(Cekungan bandung. Sunber: www.commons.wikimedia.org)
Jumlah penduduk di perkotaan Indonesia semakin meningkat seiring dengan
fenomena urbanisasi. Data Biro Pusat Statistik (BPS) pada tahun 2020, penduduk yang tinggal di wilayah perkotaan telah mencapai 54% dari total penduduk di Indonesia dan diperkirakan akan meningkat hingga 72,8% di tahun 2045. Hal ini tak lepas dari meningkatnya akumulasi kapital yang secara simultan menarik kegiatan dan orang untuk beraktivitas di kawasan perkotaan seiring kemajuan teknologi, informasi, transportasi dan globalisasi. Mengakomodasi kebutuhan kegiatan dan orang tersebut mendorong terjadinya pertumbuhan dan transformasi di kawasan perkotaan
Pertumbuhan kota-kota tidak hanya terjadi secara individu, namun dapat
terhubung secara spasial untuk berkembang bersama-sama dan beraglomerasi membentuk kawasan perkotaan yang lebih luas melampaui batas-batas administrasinya. Kawasan perkotaan yang besar biasanya terdiri dari kota inti dan wilayah sekitarnya, yang kemudian sering disebut dengan kawasan metropolitan (Heinelt dan Kübler, 2005). Hal inilah yang menyebabkan kawasan metropolitan berperan sebagai mesin pertumbuhan wilayah untuk skala regional, nasional bahkan internasional.

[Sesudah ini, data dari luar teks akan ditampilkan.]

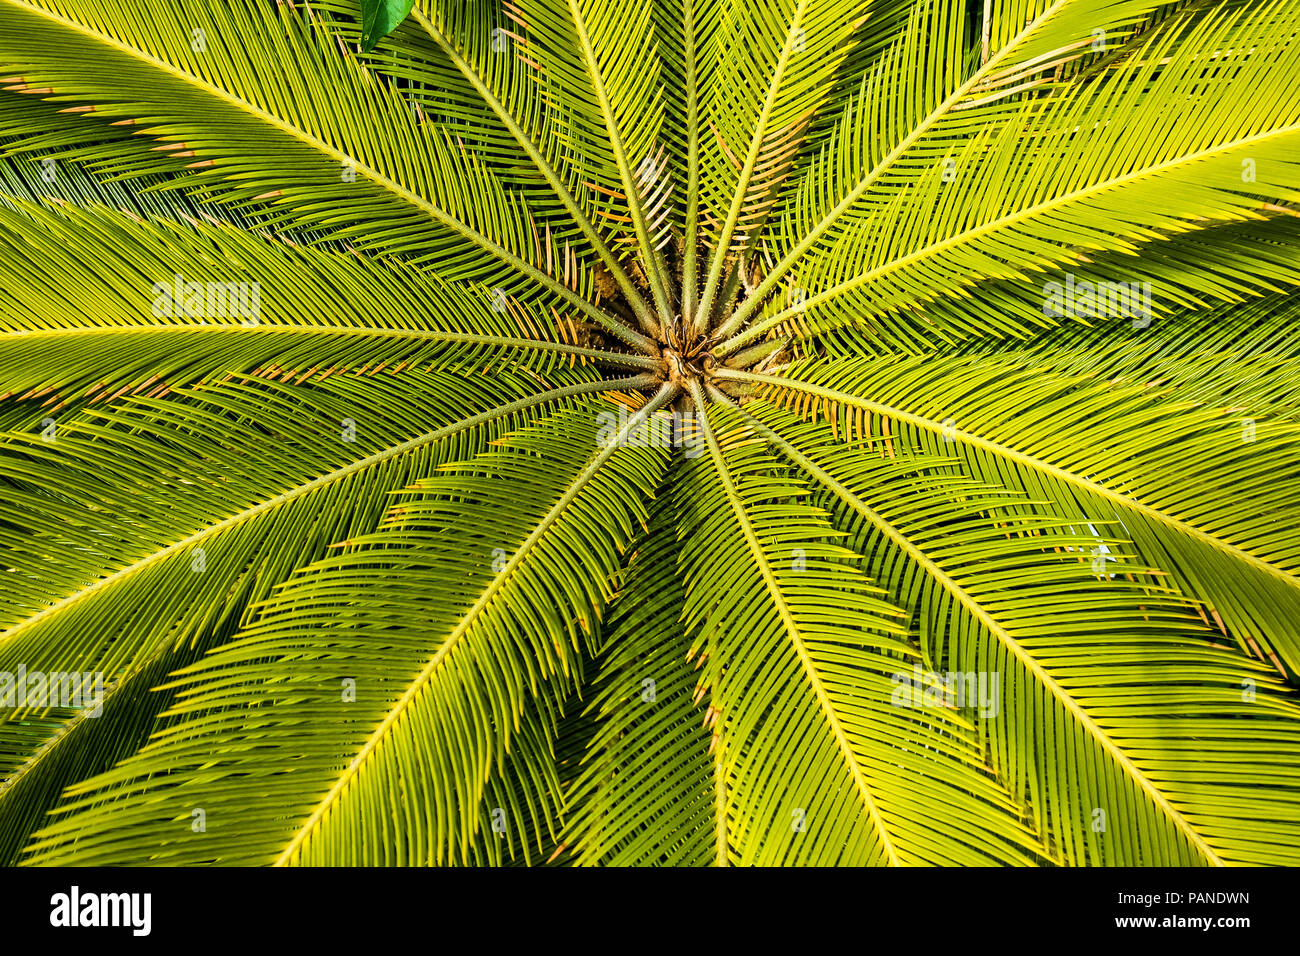 The leaves of the Japanes Sago Palm Cycas revoluta. Stock Photo

Selain dampak positif tersebut, pengembangan kawasan metropolitan juga
memberikan dampak negatif seperti, permukiman kumuh, kemacetan, polusi, kesulitan akses transportasi, air bersih dan sanitasi dan lain sebagainya. Hal tersebut disebabkan bila laju urbanisasi tidak diimbangi dengan pengelolaan yang baik, meliputi peningkatan pembangunan dan kesejahteraan. Seperti fenomena di Indonesia, meskipun sudah lebih dari separuh jumlah penduduk yang tinggal di perkotaan dan kawasan metropolitan, menurut riset Bank Dunia dalam “Time To ACT: Realizing Indonesia’s Urban Potential”, Indonesia tetap menjadi negara berpenghasilan menengah bawah. Dimana setiap kenaikan 1% urbanisasi di Indonesia hanya mampu mengungkit 1,4% PDB per kapita. Daya ungkit tersebut jauh lebih kecil dibandingkan China yang setiap 1% kenaikan urbanisasinya mampu mengerek PDB per kapita hingga 3%.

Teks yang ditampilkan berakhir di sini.